- [Exercise brief]:
Quote all of the data that follows exactly as written, skipping the images.

[Data provided Boundary: Start]

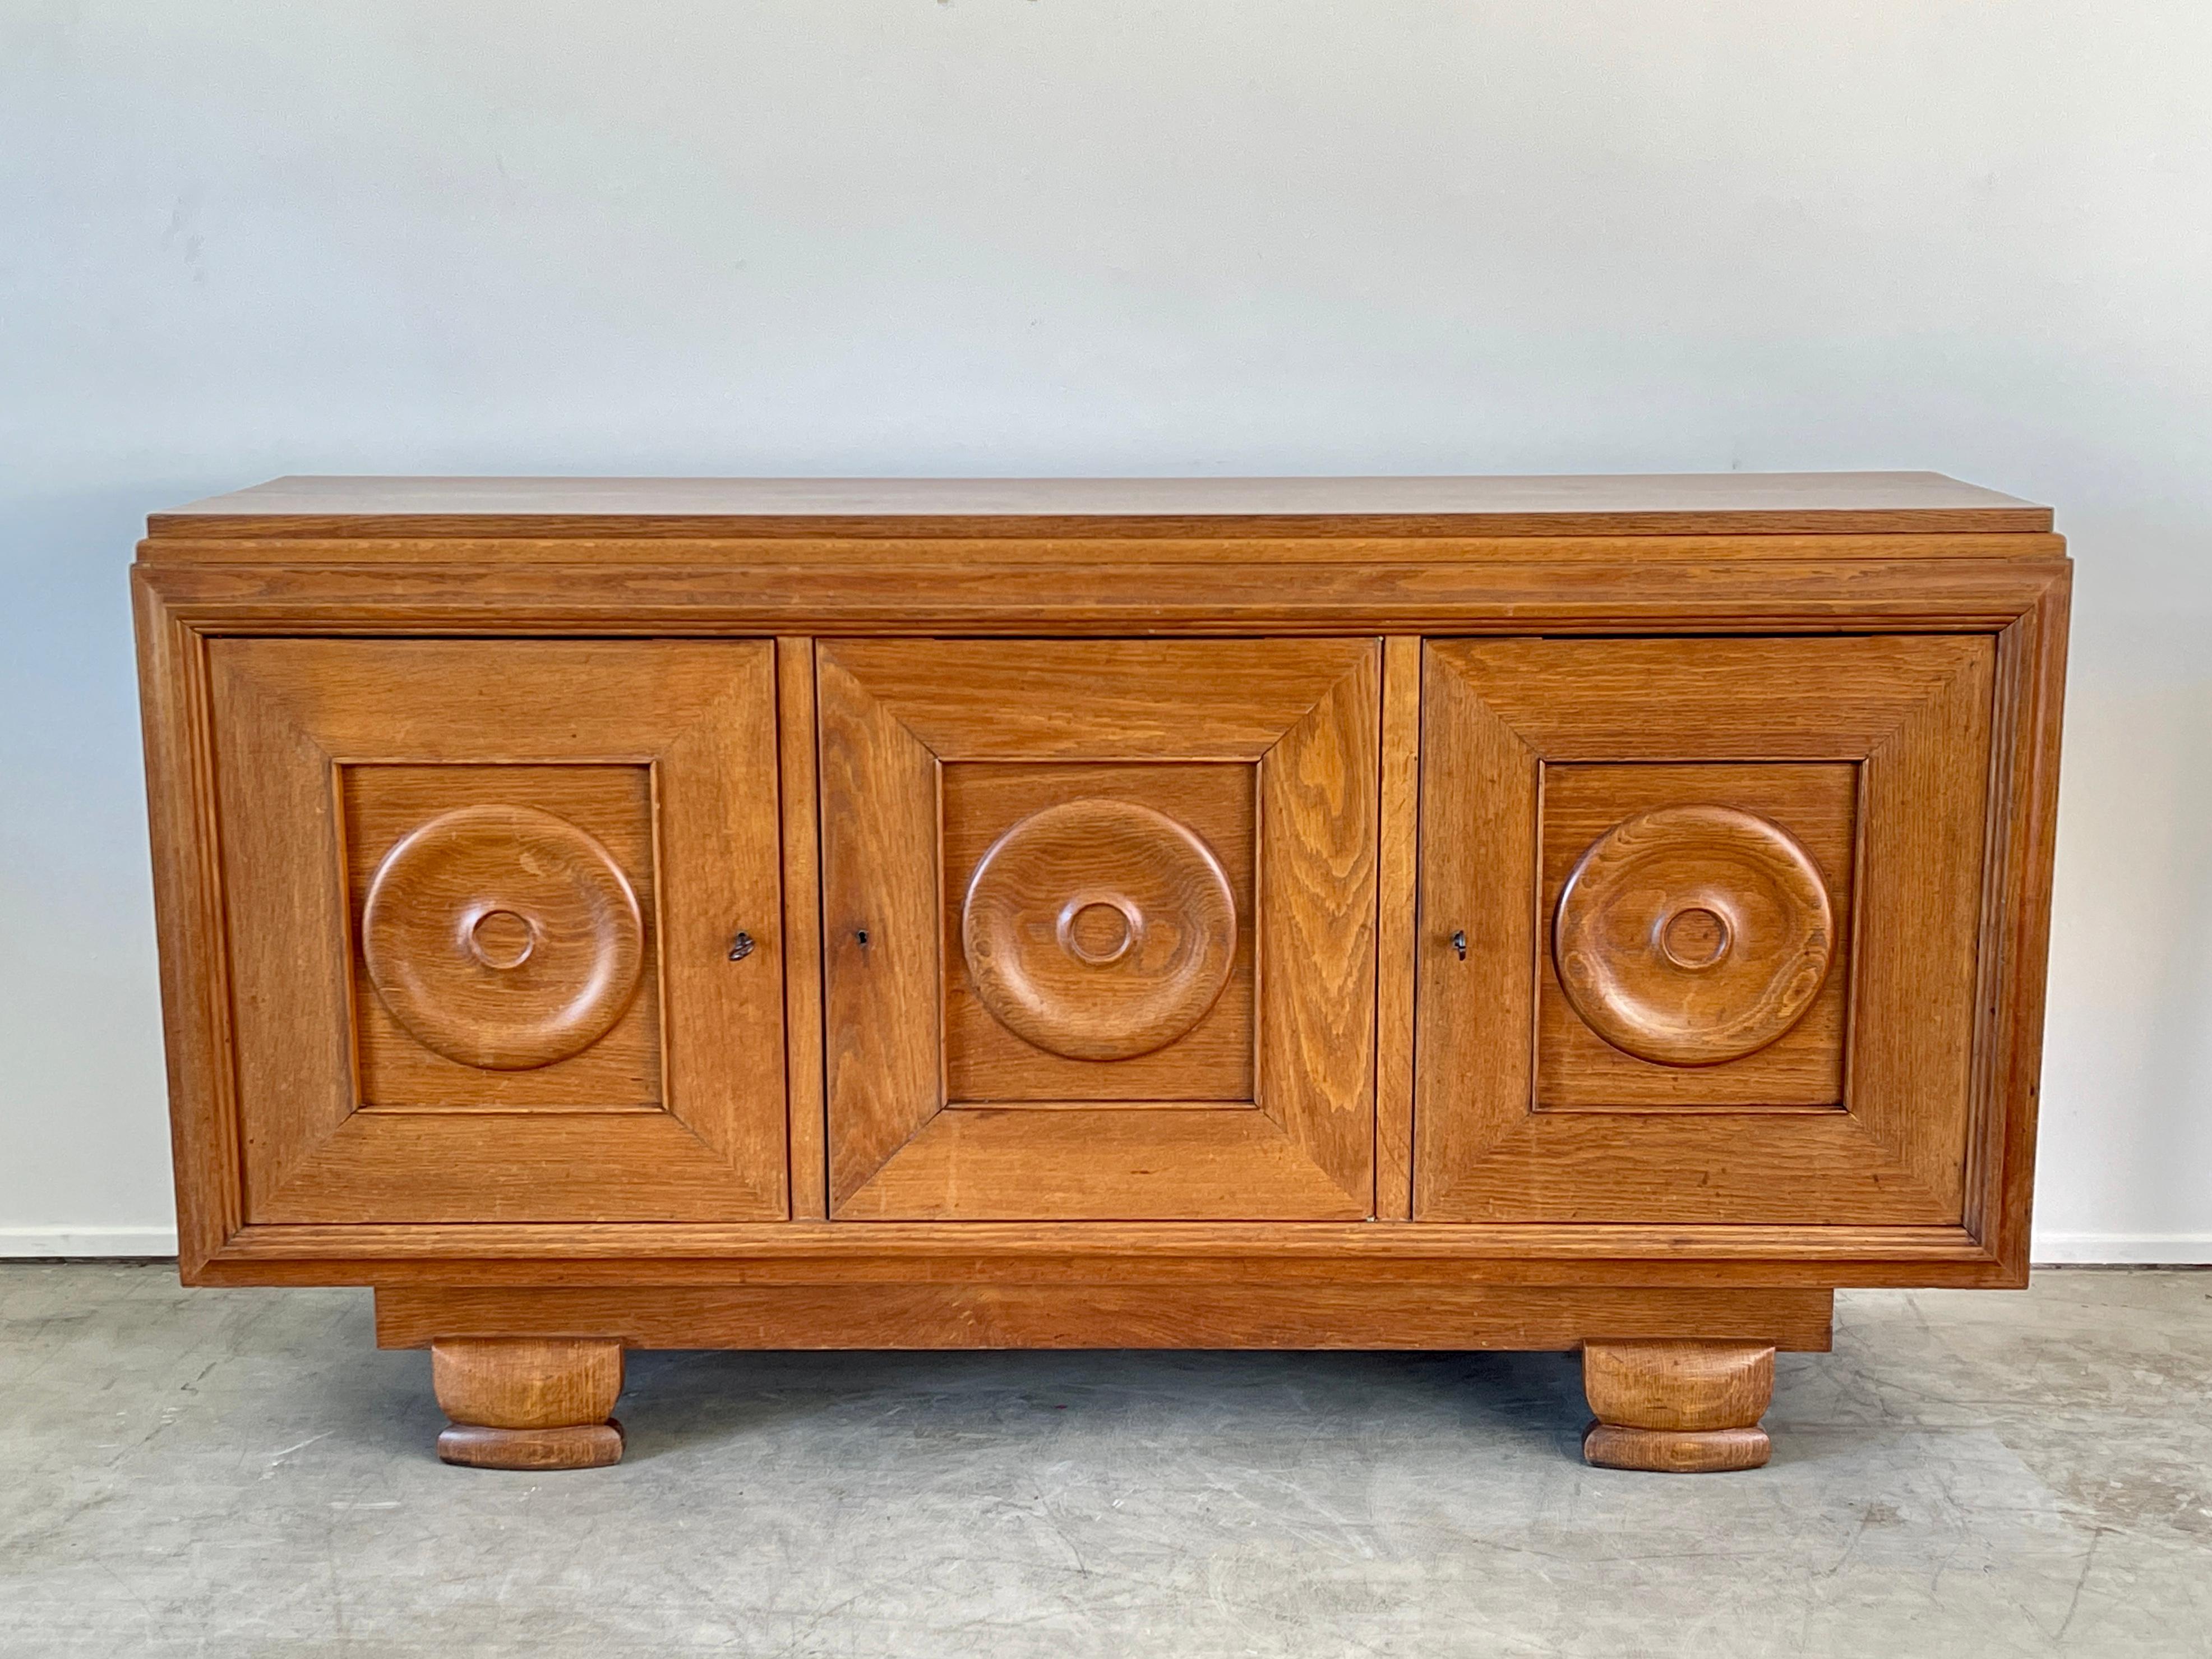 1940's French Oak cabinet with carved concentric circles on the 3 front doors.
Wonderful carved legs and warm patina to wood!
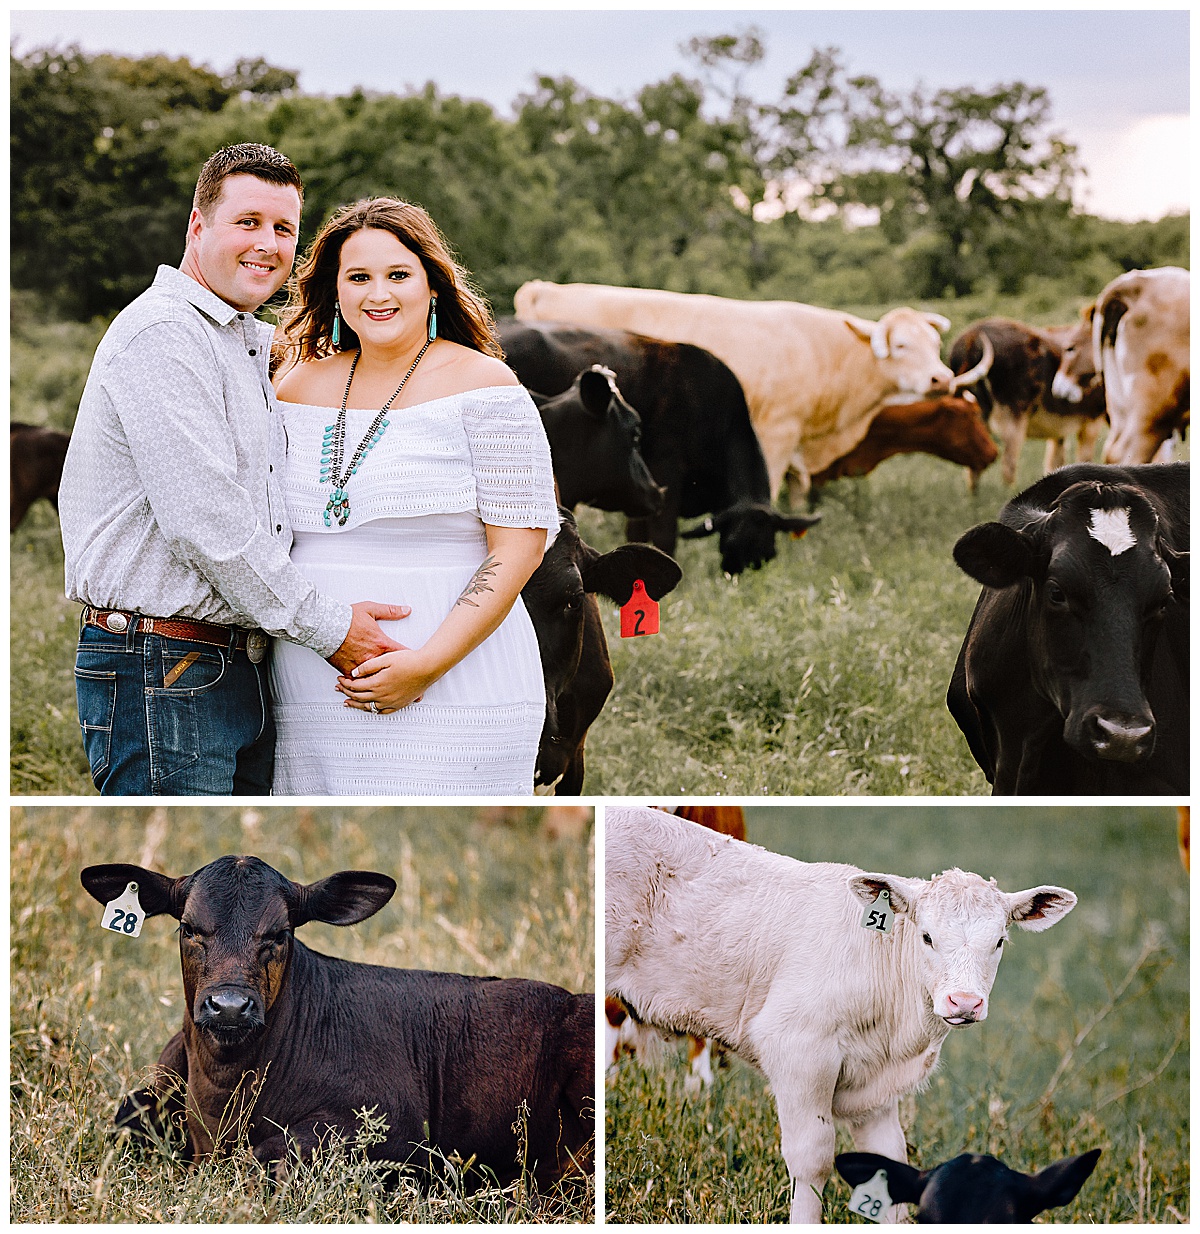 Rustic-Maternity-Session-Texas-Sunset-Carly-Barton-Photography_0067.jpg
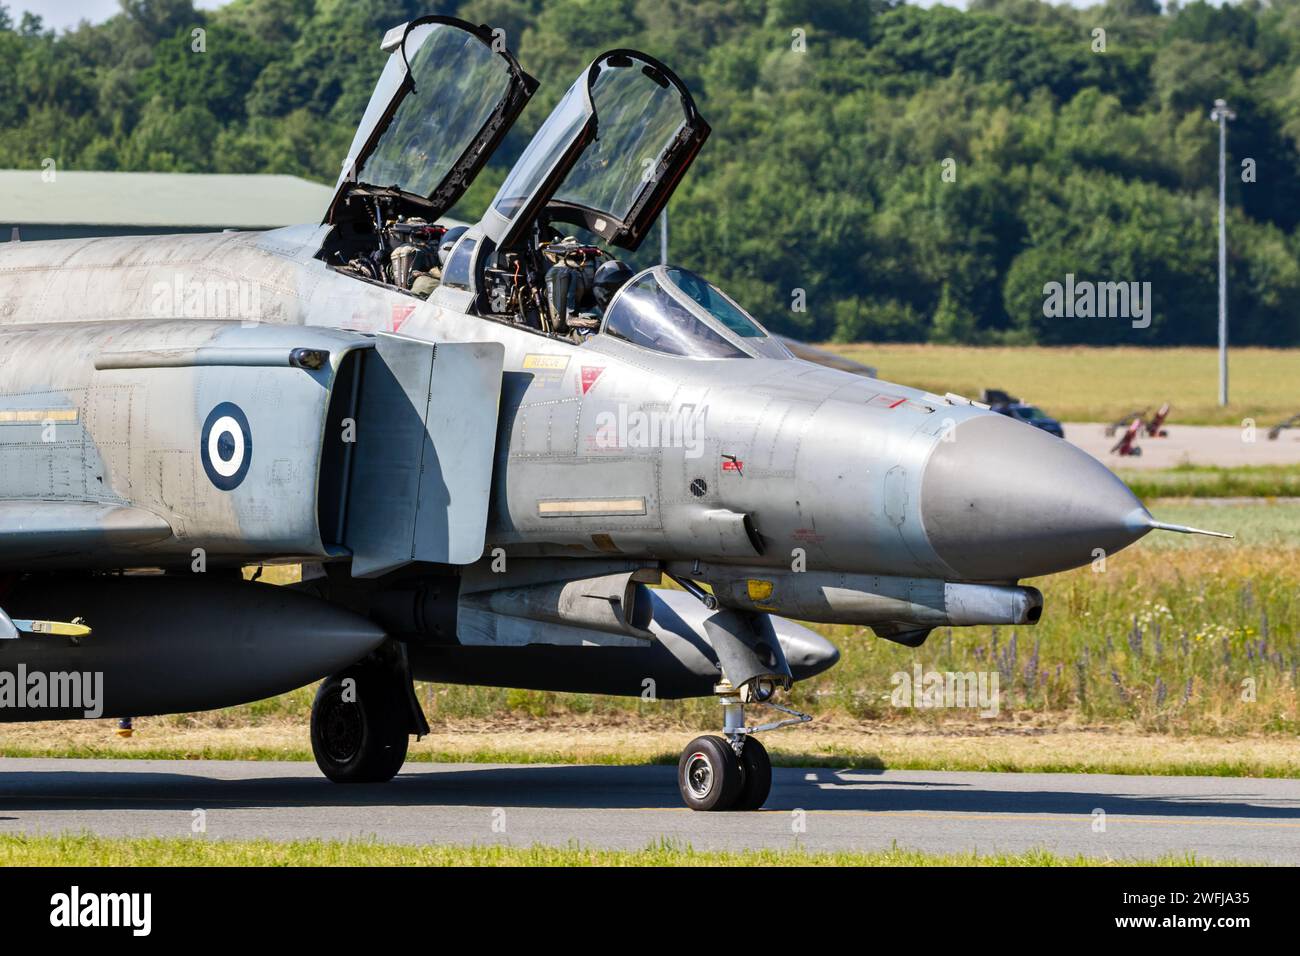 F-4 Phantom fighter jet from the Hellenic Air Force taxiing towards the runway of Florennes airbase. Belgium - June 15, 2017 Stock Photo

[Data provided Boundary: End]

- [Response for this exercise]:
 1940's French Oak cabinet with carved concentric circles on the 3 front doors.
Wonderful carved legs and warm patina to wood!
 Rustic-Maternity-Session-Texas-Sunset-Carly-Barton-Photography_0067.jpg
 F-4 Phantom fighter jet from the Hellenic Air Force taxiing towards the runway of Florennes airbase. Belgium - June 15, 2017 Stock Photo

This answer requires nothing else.